Plumb down he dropped, ten thousand fathoms deep.’

Whether our power of conceiving is so far a test of possibility, as that what is distinctly conceived must be concluded to be possible, and what cannot be conceived impossible, was a question which interested Reid. It is discussed in the Essays on the Intellectual Powers, and also in the draft of a letter to Dr. Price, preserved among the manuscripts at Birkwood; in which it is argued that our power of conception cannot be a criterion of what is possible. The argument turns much on the meanings of ‘conception,’ ‘possibility,’ and ‘impossibility.’ He thus addresses Dr. Price:—

‘I would willingly suggest some subject on which I might have the favour of your thoughts when you have leisure and are disposed for such correspondence. What occurs to my thoughts just now is a metaphysical axiom very generally adopted, and, I think, occasionally adopted by you in your Review of the Principal Questions in Morals—That what we distinctly conceive is possible. From this axiom D. Hume infers that it is possible that an universe may start into existence without a cause, and other like extravagancies. The use he makes of it led me to consider it a good many years ago, and I have a strong suspicion that there is some fallacy in it, which has imposed on men’s understandings, owing to the ambiguity of the word conceive.

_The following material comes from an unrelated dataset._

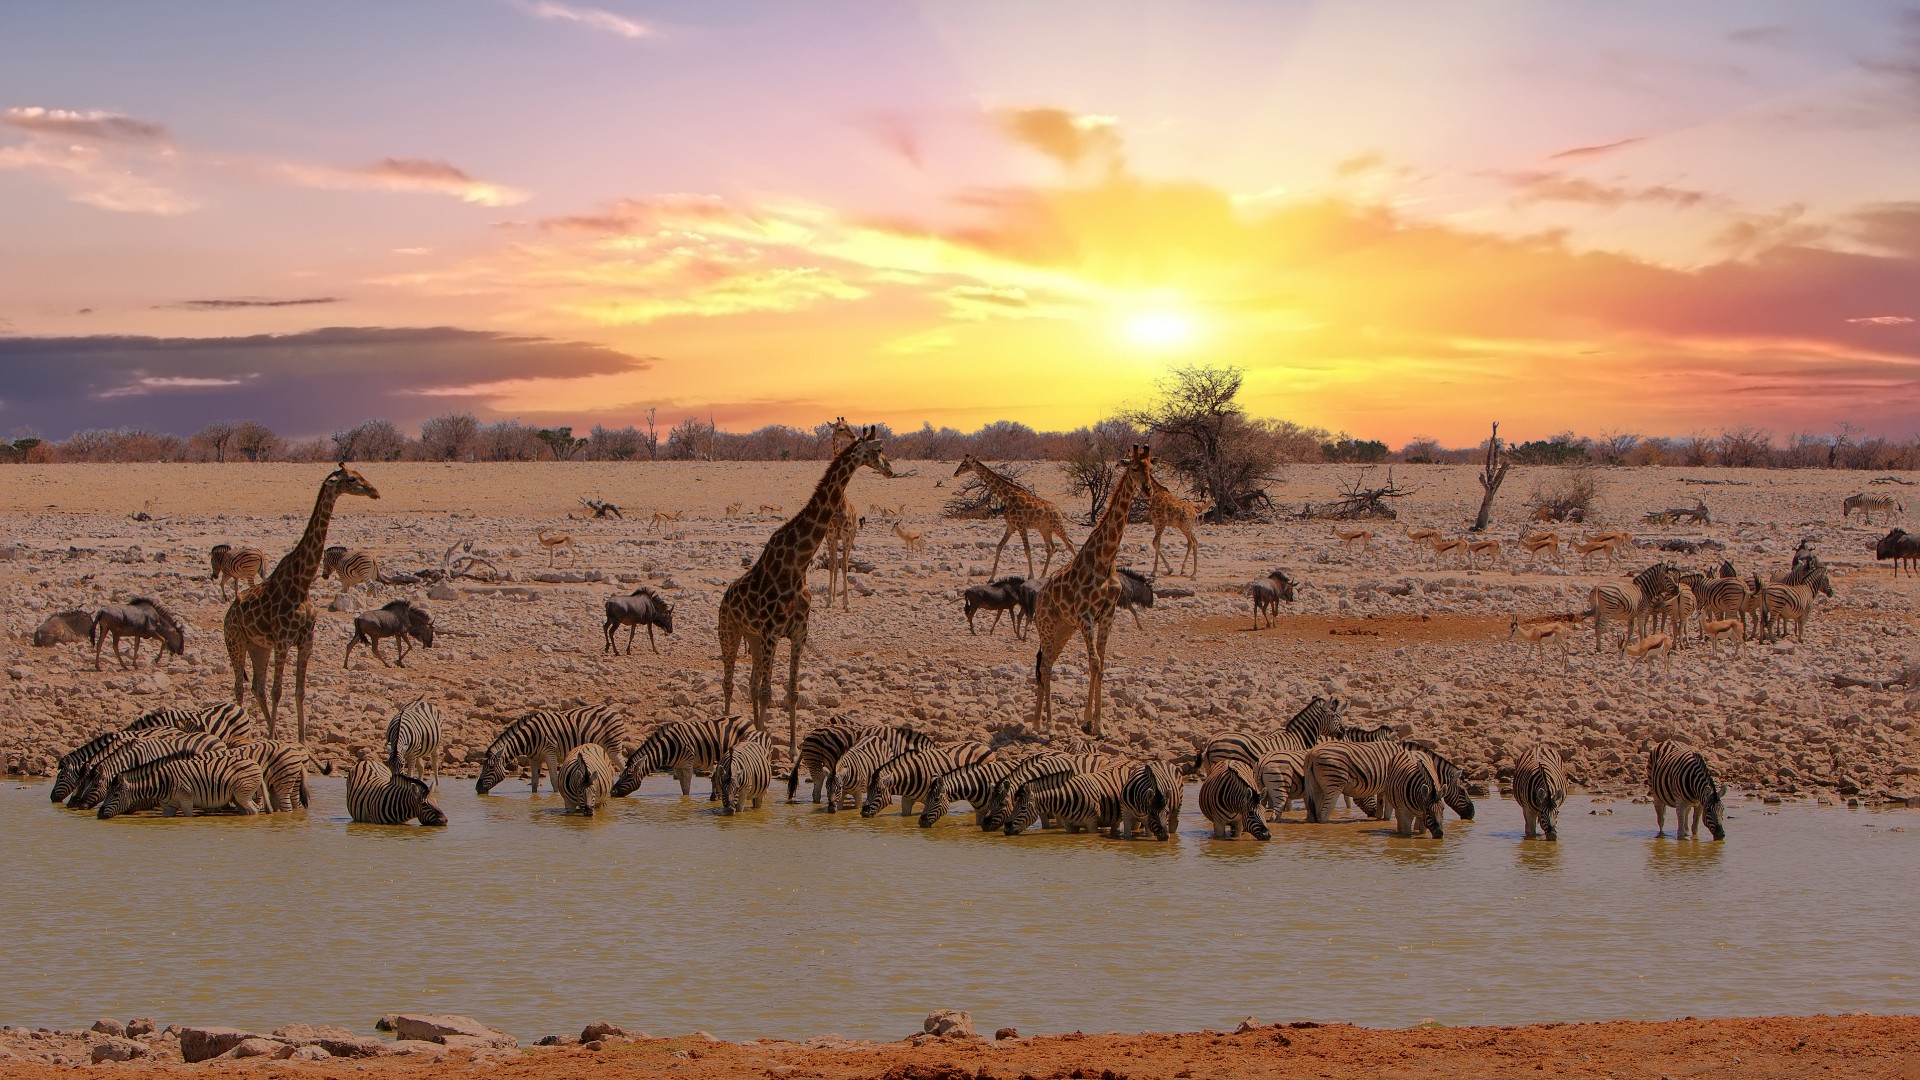 A sunset over he African savannah with zebra, giraffe and other animals drinking from a watering hole

‘As to the history of this axiom, I suspect it to have taken its rise from what Descartes laid down as the criterion of truth, which he maintained to be clear and distinct conception. Quidquid clare et distincte concipio esse verum, id est verum. Cudworth seems to have followed him in this, making the criterion of verity to be clear, self-consistent intelligibility. Those who came after, judging it difficult to maintain that everything is true which is clearly conceivable or intelligible, have maintained that everything that can be clearly conceived is at least possible. This seemed to be the proper correction of Descartes’ maxim, and it has passed from one hand to another without strict examination.

‘Whatever is true or false, whatever is possible or impossible, may be expressed by a proposition. Now, what do we mean when we say that we conceive a proposition? I think no more is meant, if we speak properly, than that we understand what is meant by that proposition. If this be so, it must surely be granted that we may understand the meaning of a proposition which expresses what is impossible. He who understands the meaning of this proposition, “Two and two make four,” must equally understand the meaning of this other, “Two and two do not make four.” Both are equally understood; that is, the conception of both is equally clear; yet the first is necessarily true, and the second impossible.

‘Perhaps it will be said, that we may not merely conceive the meaning of a proposition, but we may conceive it to be a true proposition, and that it is our being able to conceive it to be true that gives us ground to think it possible. In answer to this, I beg you would attend very carefully to the meaning of these words—“Conceiving a proposition to be true.” I can put no other meaning upon them but judging it to be true, that is, giving some degree of assent to it. Judgment or assent admits of various degrees, from the slightest suspicion to the most deliberate conviction; from the most modest and diffident assent to the most pertinacious and dogmatical. I conceive there maybe inhabitants in the moon; that is, my judgment leans a little that way. I would not use that expression unless the probability, however small, seemed to be on that side of the question.

‘If this be the meaning of conceiving a proposition to be true, then the meaning of the axiom will be, that a proposition which appears to us to have any degree of probability, however small, must at least be possible. But the axiom, taken in this sense, is surely false. It would be superfluous to give instances of this to a mathematician.

‘If it should be said that conceiving a proposition to be true means, neither barely to understand the meaning of the proposition, nor the giving any degree of assent to it, I would be glad to know what it really does mean. For I am at a loss to know what power of the understanding we mean by the conceiving a proposition to be true, if it is neither simple apprehension, by which we barely understand the meaning of a proposition, nor judgment, by which we assent to the proposition or dissent from it. I know of no power of the understanding intermediate between these two. And if there is none, I think the axiom must be false.

‘There are many propositions which, by the faculties God has given us, we perceive to be not only true, but necessarily true; and the contradictions of these must be impossible. So that our knowledge of what is impossible keeps pace with our knowledge of necessary truth.